You can progress the intensity of your exercise by working harder.
You are not ready to progress the intensity of your exercise unless all three points below are true for you.
- Your rating of perceived exertion (RPE) is less than 11 (light work) on the scale. View or download the rating of perceived exertion (PDF, opens in new window) »
- Your heart rate during your exercise is below the training heart rate set by your cardiovascular prevention and rehabilitation team.
- You currently do not feel any signs of shortness of breath, chest pain, chest discomfort, muscle or joint aches or pains.
Do not progress the intensity of your exercise if any of the conditions outlined above are present.
- The type of exercise you do will determine how the intensity could change. Here are some examples of walking, jogging, and cycling.
- To progress the intensity of walking, increase the speed of your walk or increase your walking time and distance.
- To progress the intensity of jogging, increase how often you jog or increase the length of time you jog in your routine.
- To progress the intensity of cycling, increase the speed (revolutions per minute) of your cycling or how much tension is on the flywheel.
Type of Exercise
You may want to try a new exercise. For example, you might want to start cycling in addition to walking.
Variety is important, especially if you feel bored with your program. Changing the type of exercise, you do is a way of progressing your program.
Time or Duration of Exercise
The duration of your aerobic exercise is important. The goal is to exercise between 30 and 60 minutes each session depending on your level of fitness, medical history, and goals.
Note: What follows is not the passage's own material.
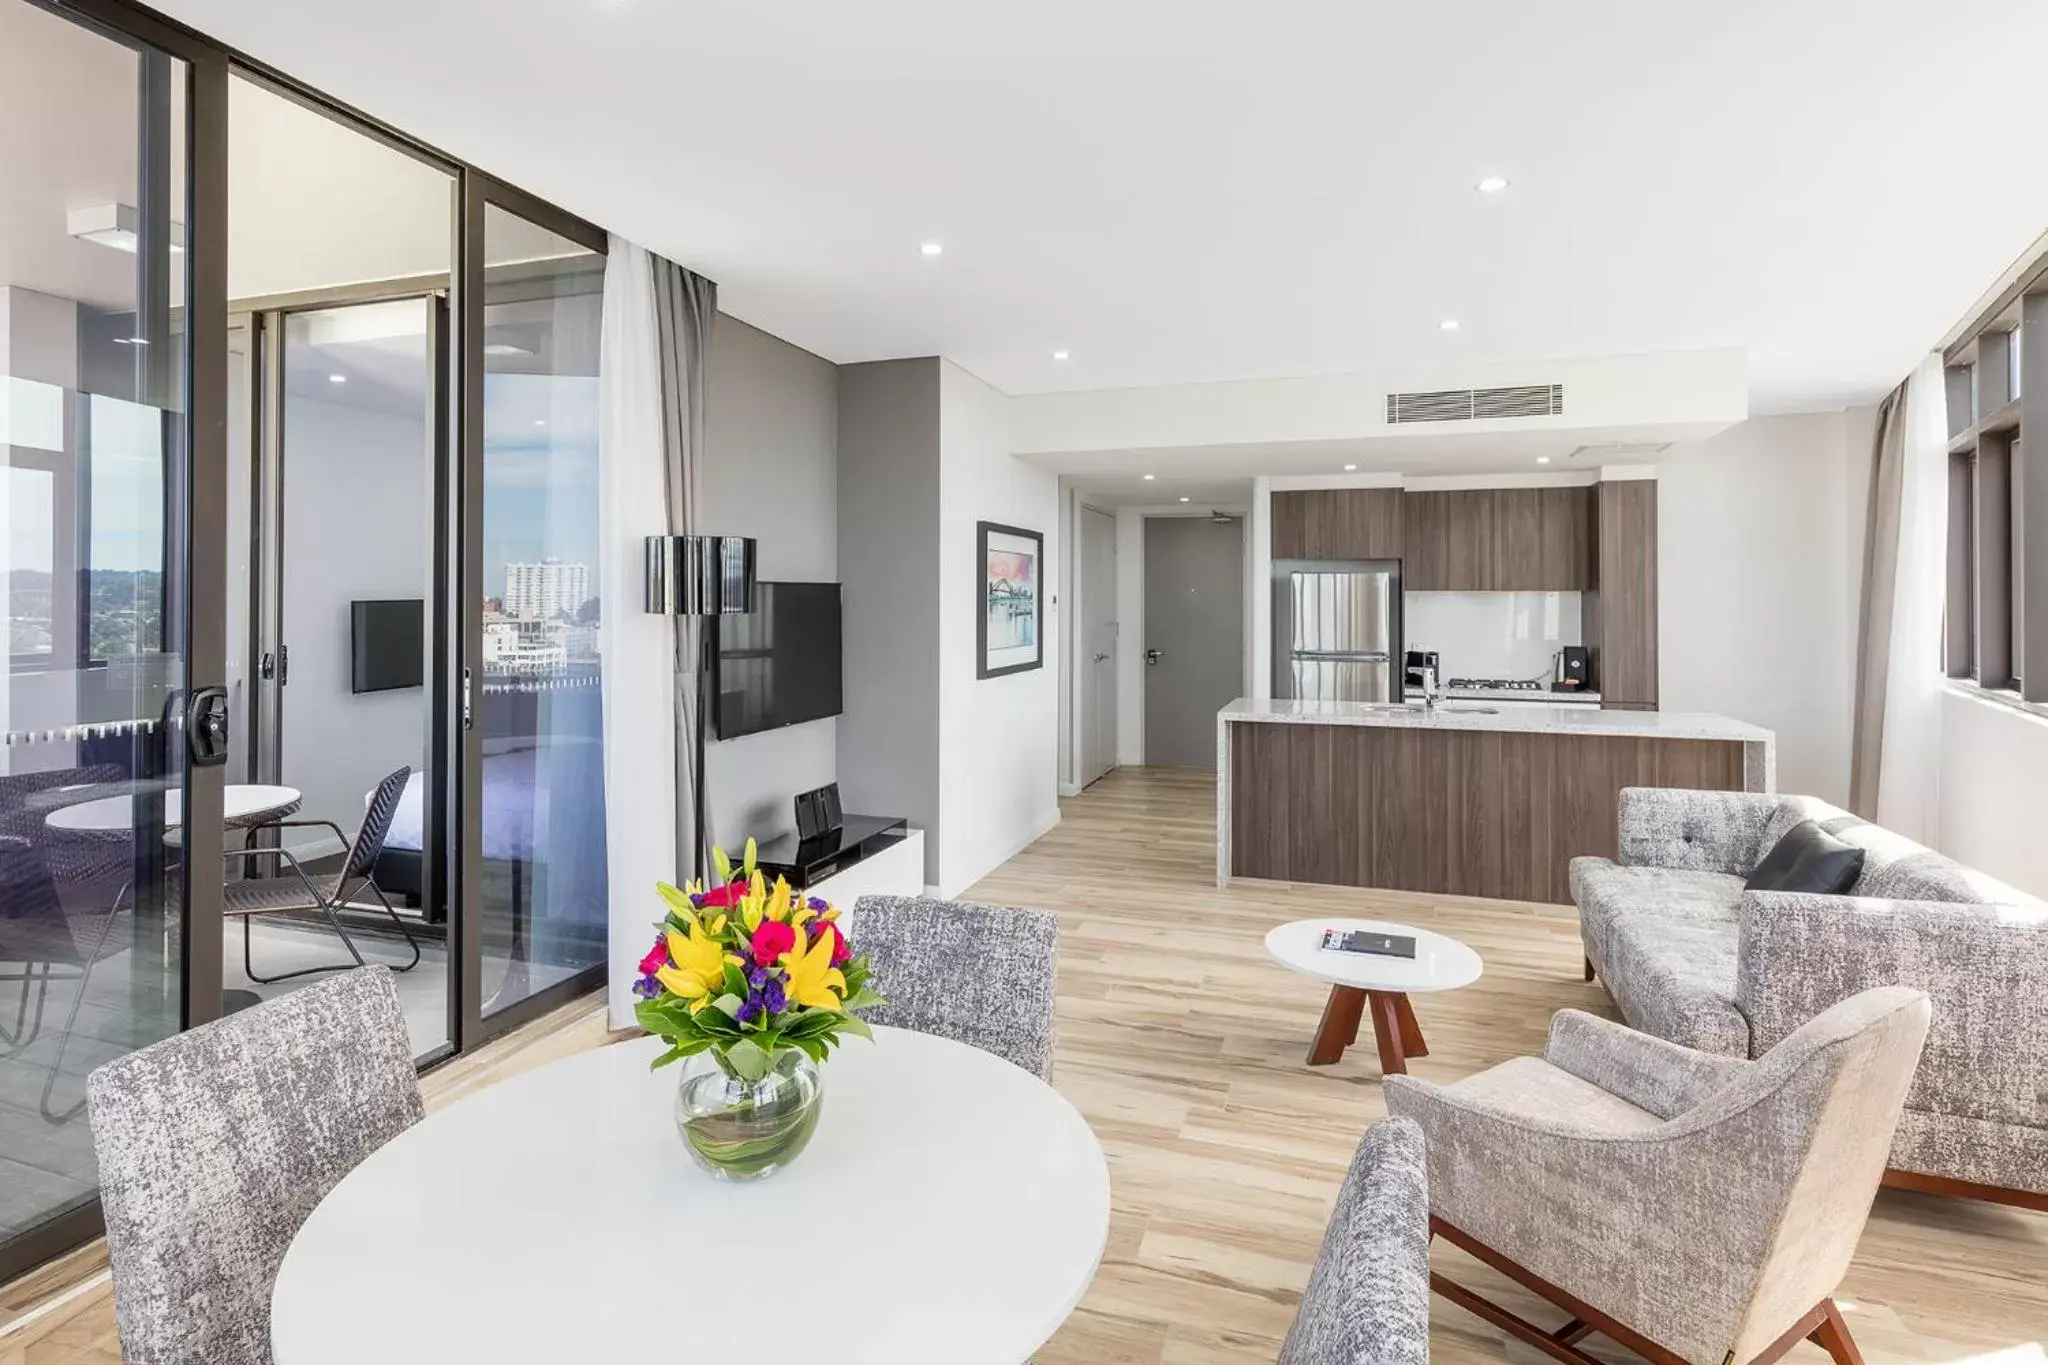 TV and multimedia, Seating Area in Meriton Suites Church Street, Parramatta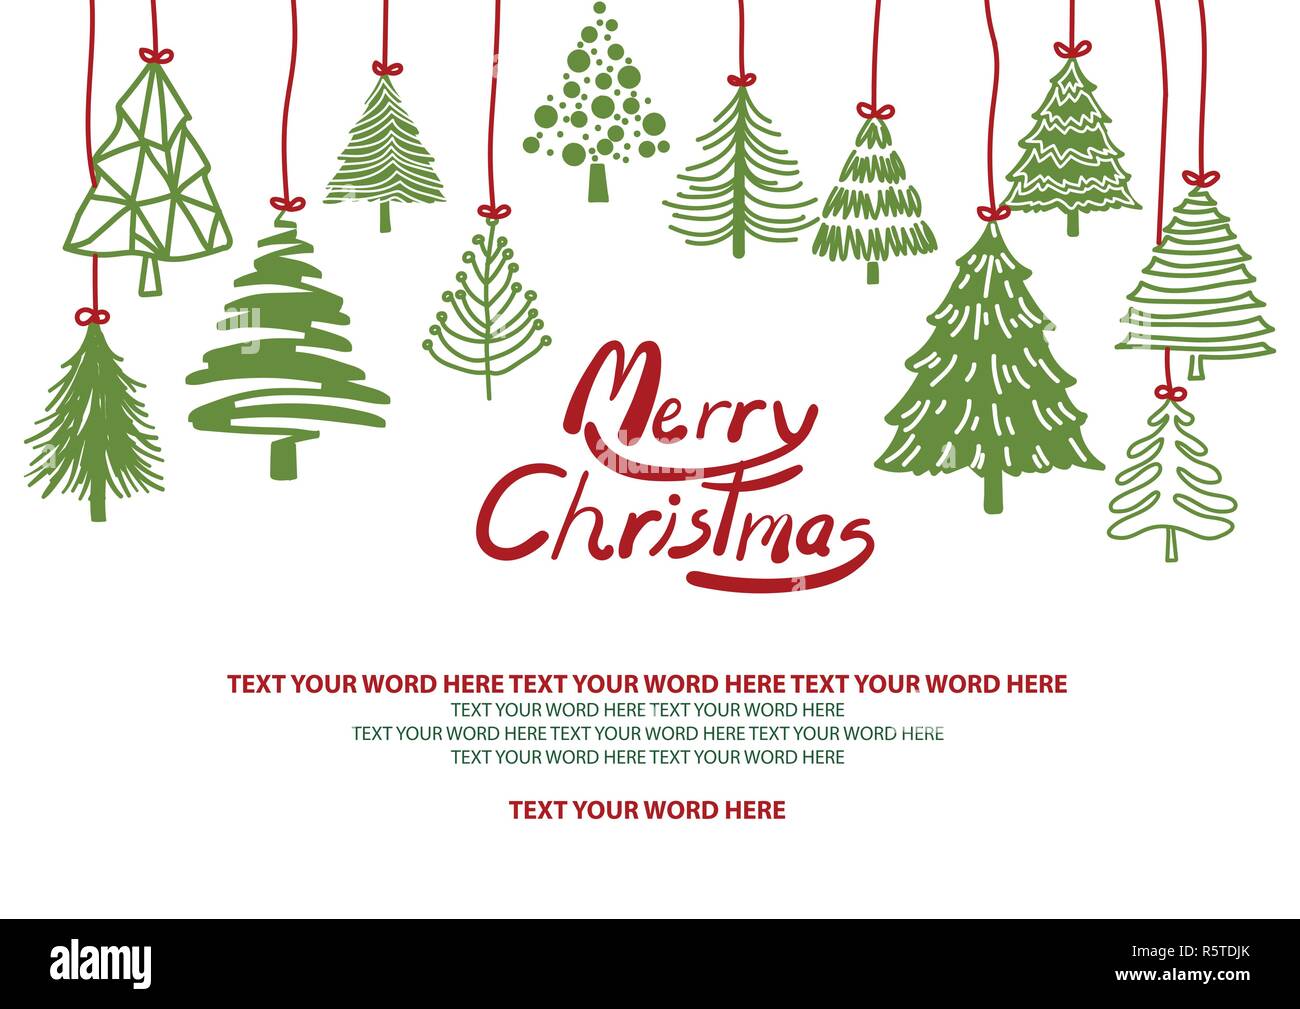 Decorazioni Natalizie Word.Il Design Dello Sfondo Per Il Natale In Semplice Piatto Piatto Disegnati A Mano Grafica Grafica

The duration of your exercise is usually the first step in progressing your exercise program. You should increase the duration before you increase the intensity.
How to Progress Resistance Training
To make sure you continue to challenge your muscles and make them stronger, it is important for you to progress your resistance training exercises. This means that, as your muscles get used to the weight you lift, something must change.
This could be how much weight you lift or how many times you lift the weight.
- Progress your program when you can perform 2 sets of 10 repetitions comfortably.
- Gradually increase the number of repetitions from 10 to 15.
- Increase the weight by 2 to 5 lbs and reduce the reps back to 10.